* [PROVIDED MATERIAL]:
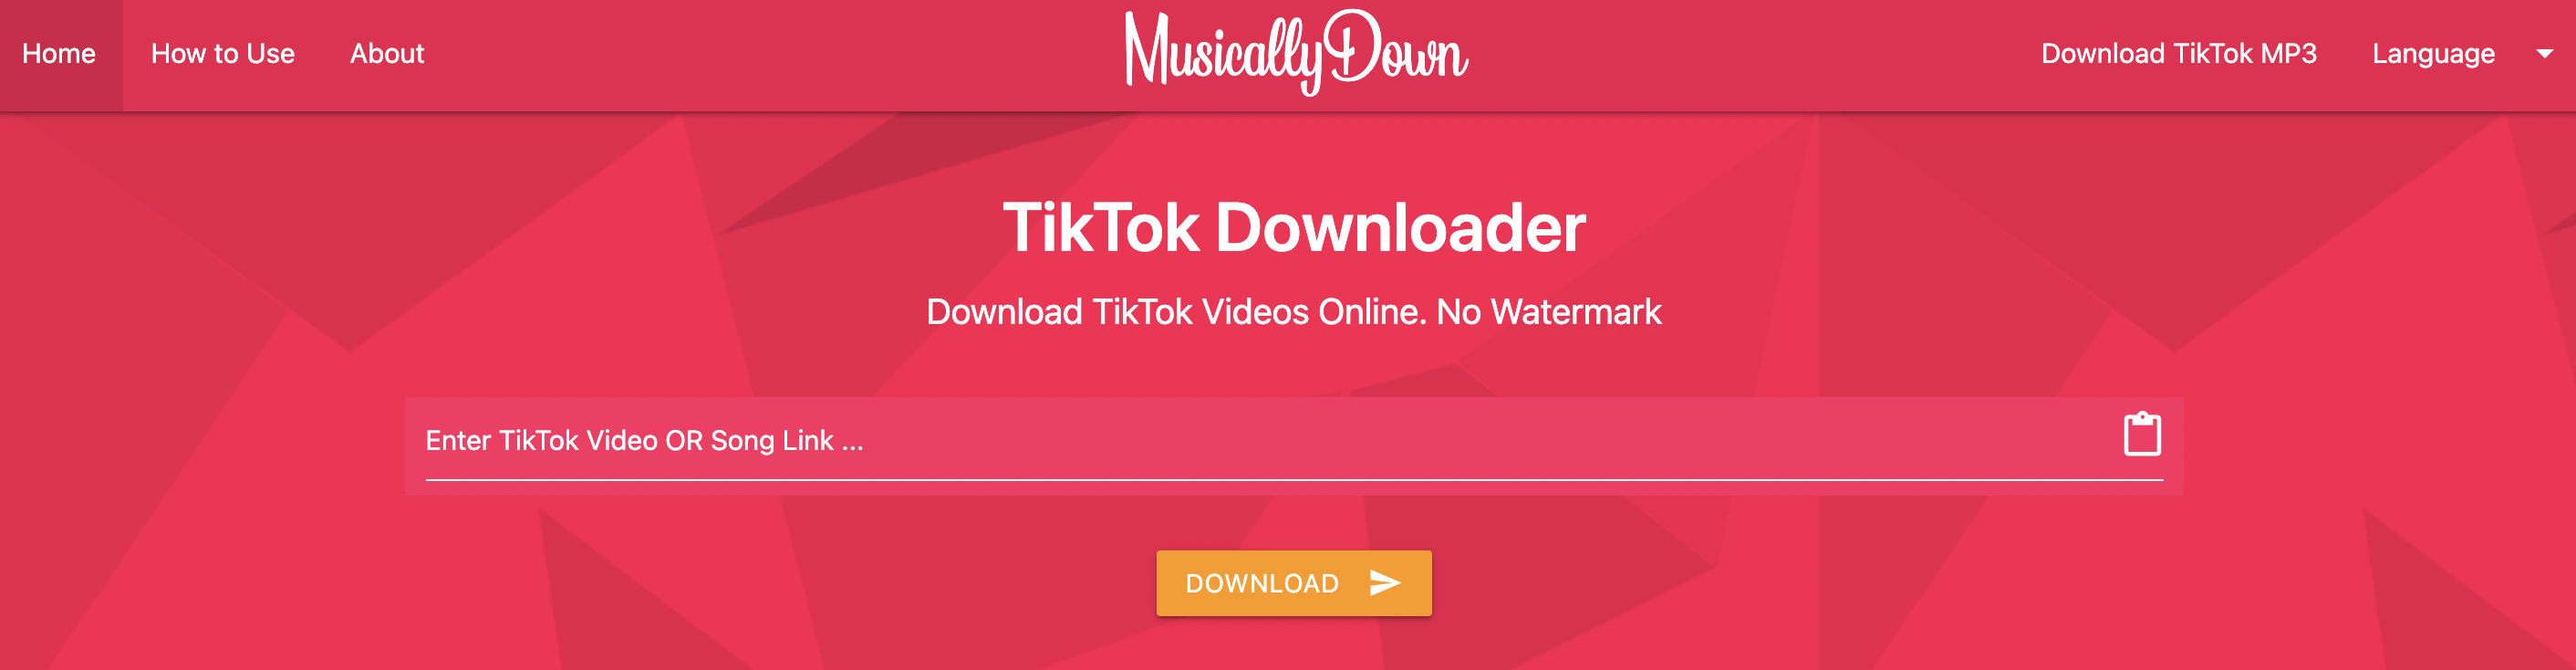 download videos tiktok online
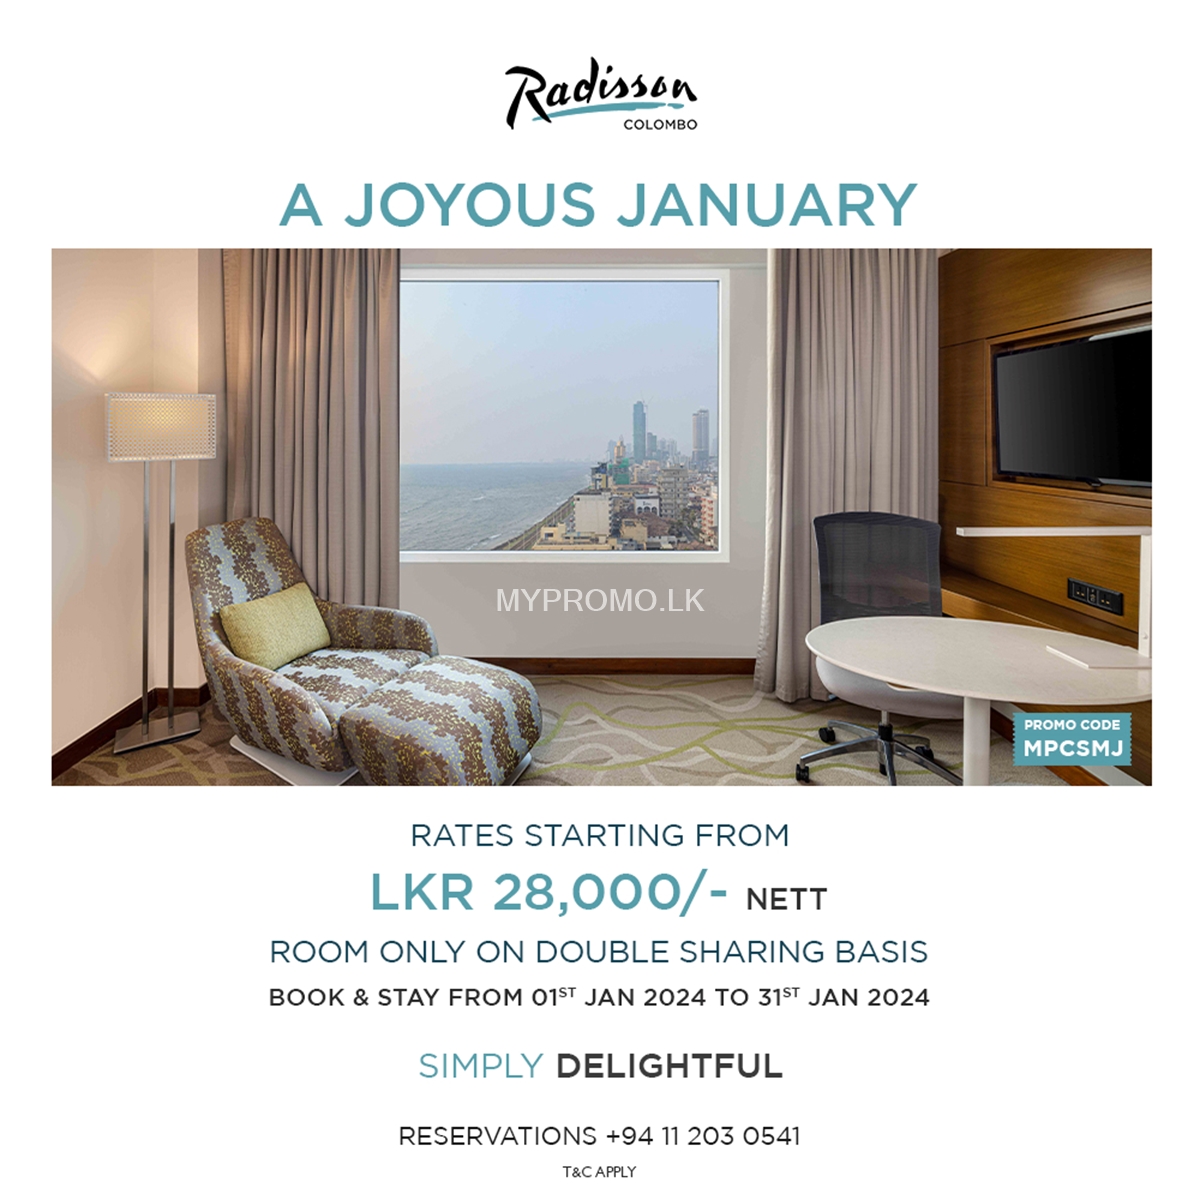 Enjoy a joyous January with Radisson Hotel Colombo
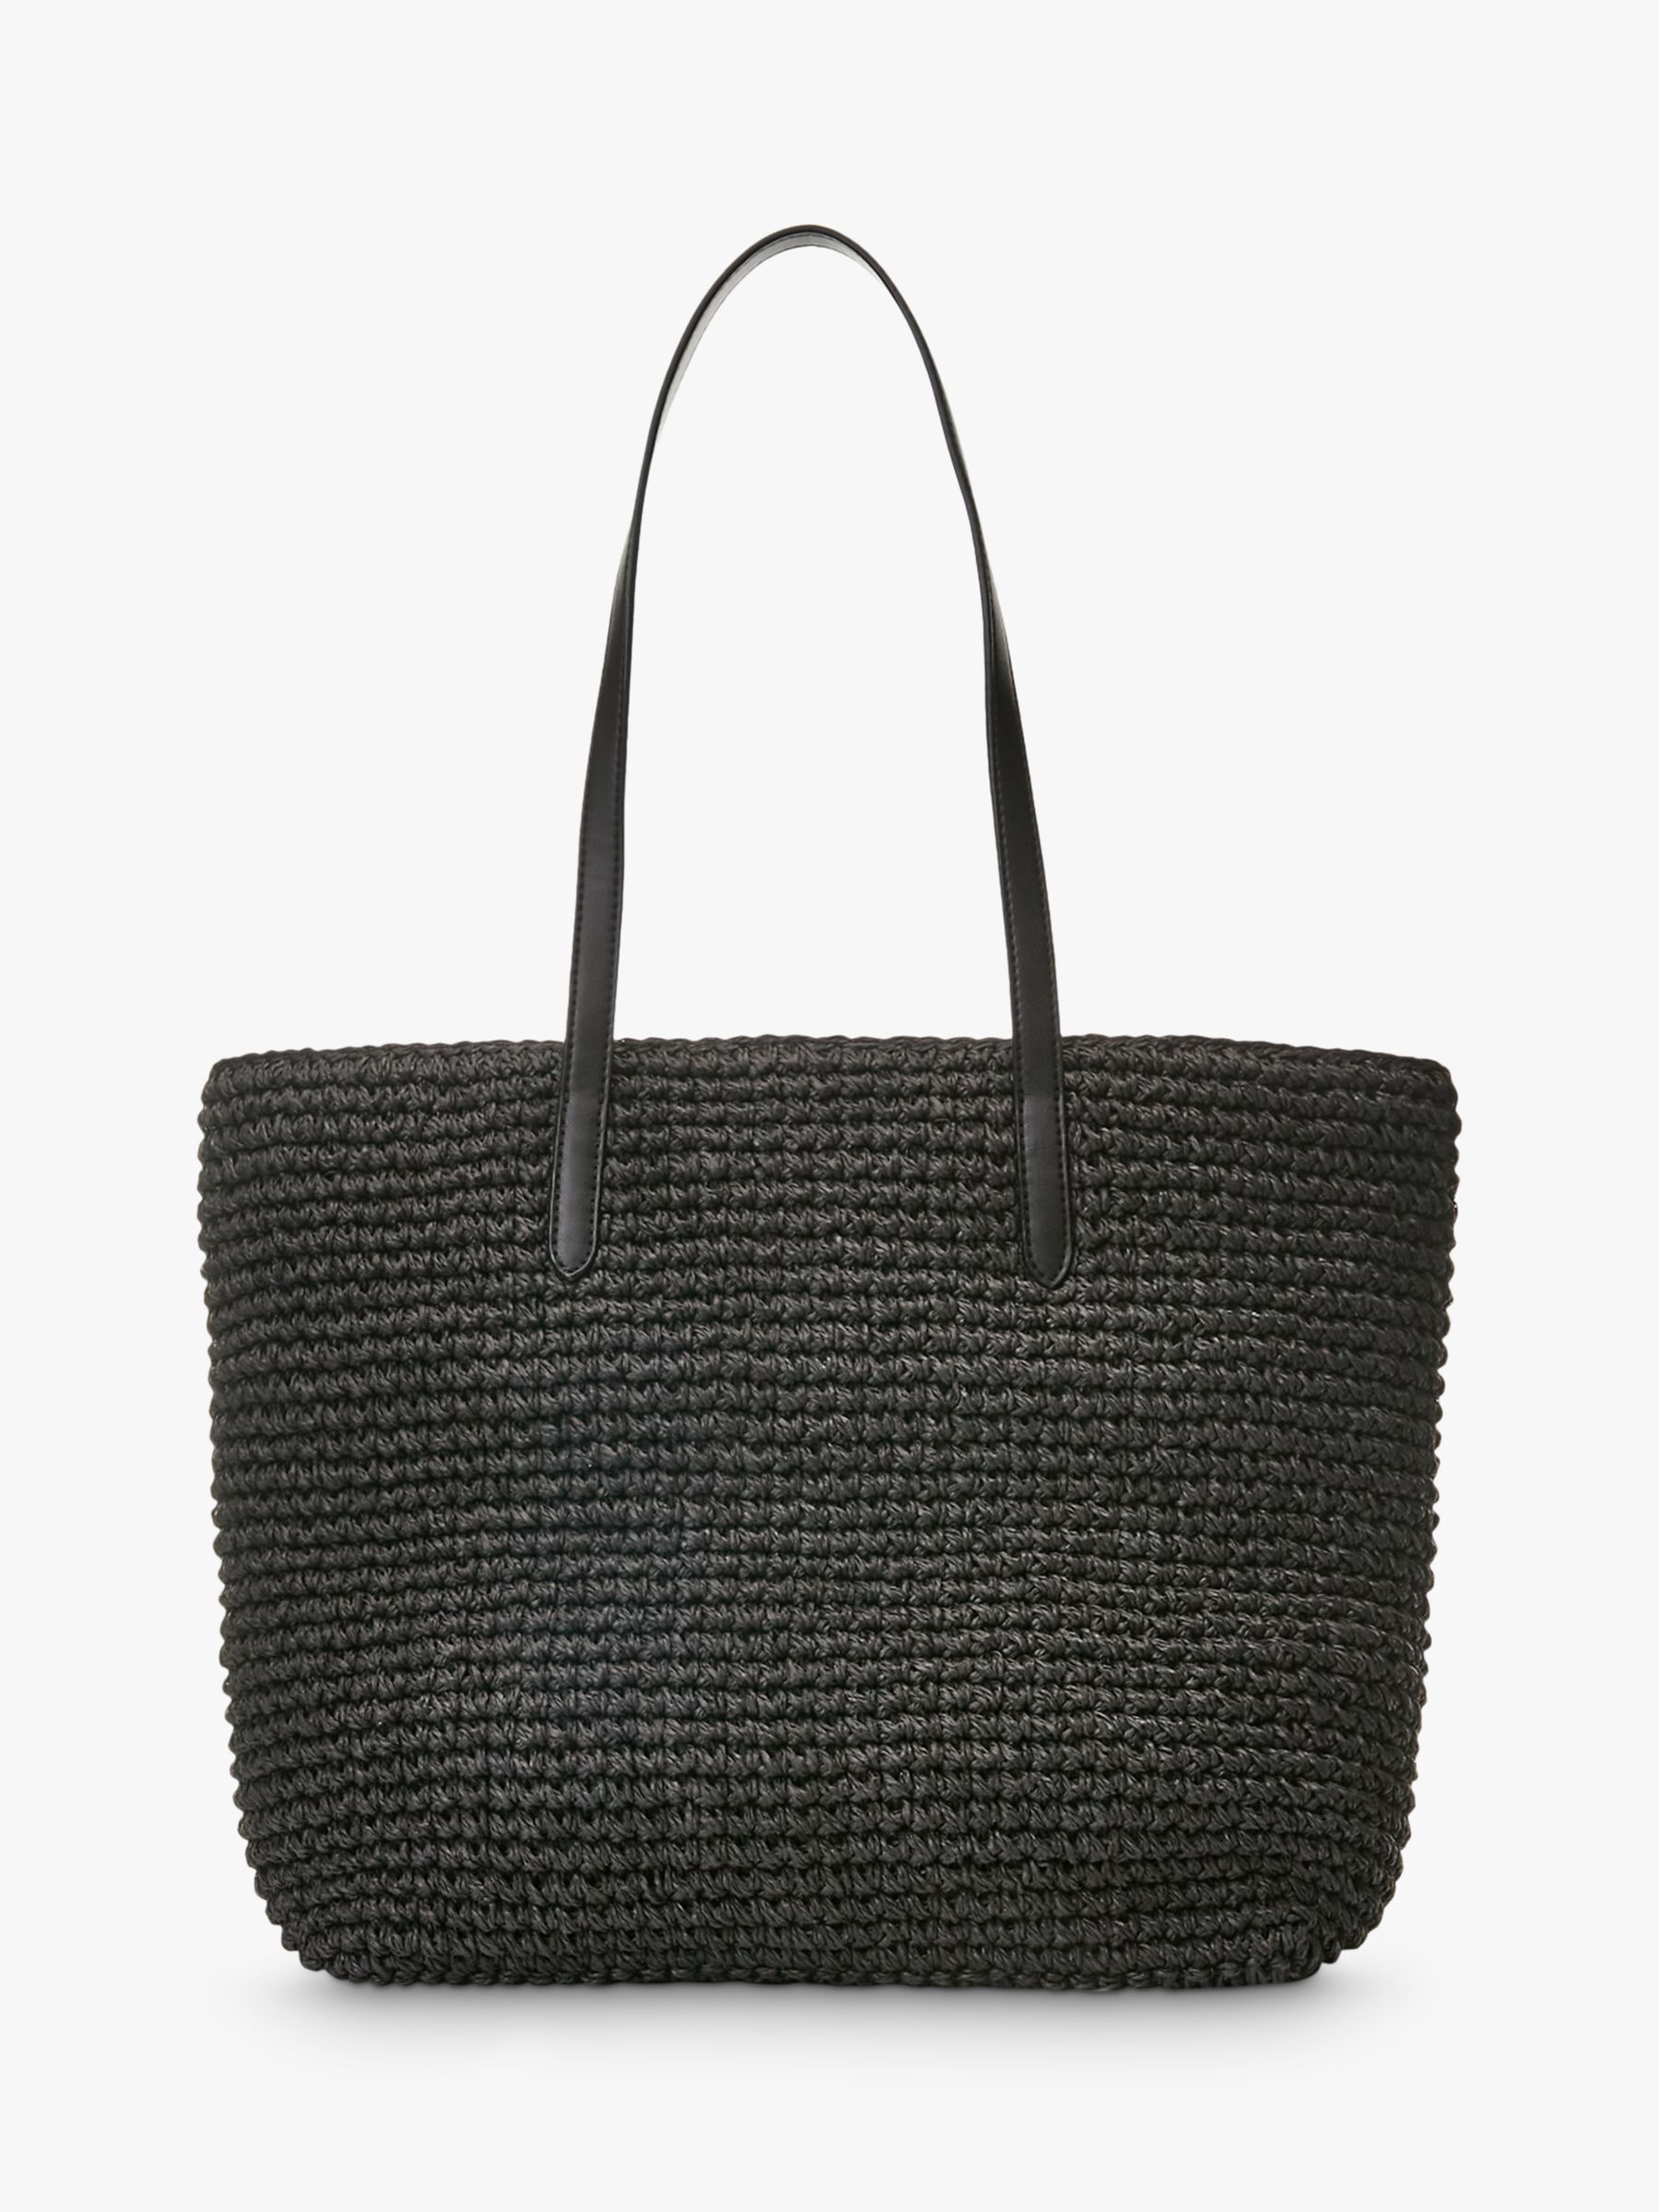 Lauren Ralph Lauren Straw Tote Bag, Black at John Lewis & Partners
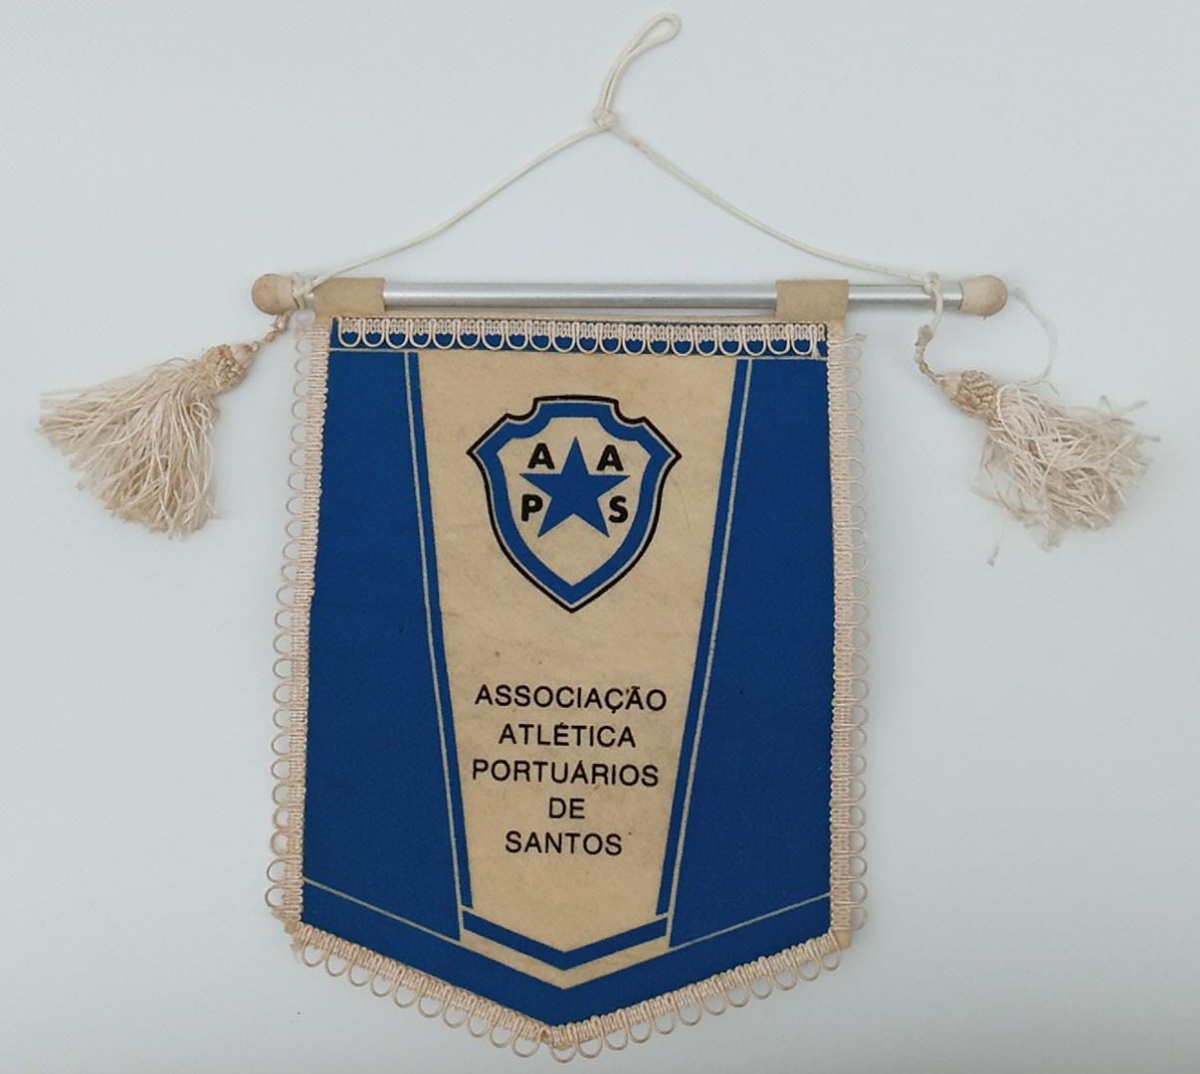 AAPS – Associação Atlética dos Portuários de Santos (Clube Portuários)

* [EXERCISE GOAL]:
Retype all of the listing word for word and skip the pictures.

* [SOLUTION FOR THIS PROBLEM]:
 download videos tiktok online
 Enjoy a joyous January with Radisson Hotel Colombo
 Lauren Ralph Lauren Straw Tote Bag, Black at John Lewis & Partners
 AAPS – Associação Atlética dos Portuários de Santos (Clube Portuários)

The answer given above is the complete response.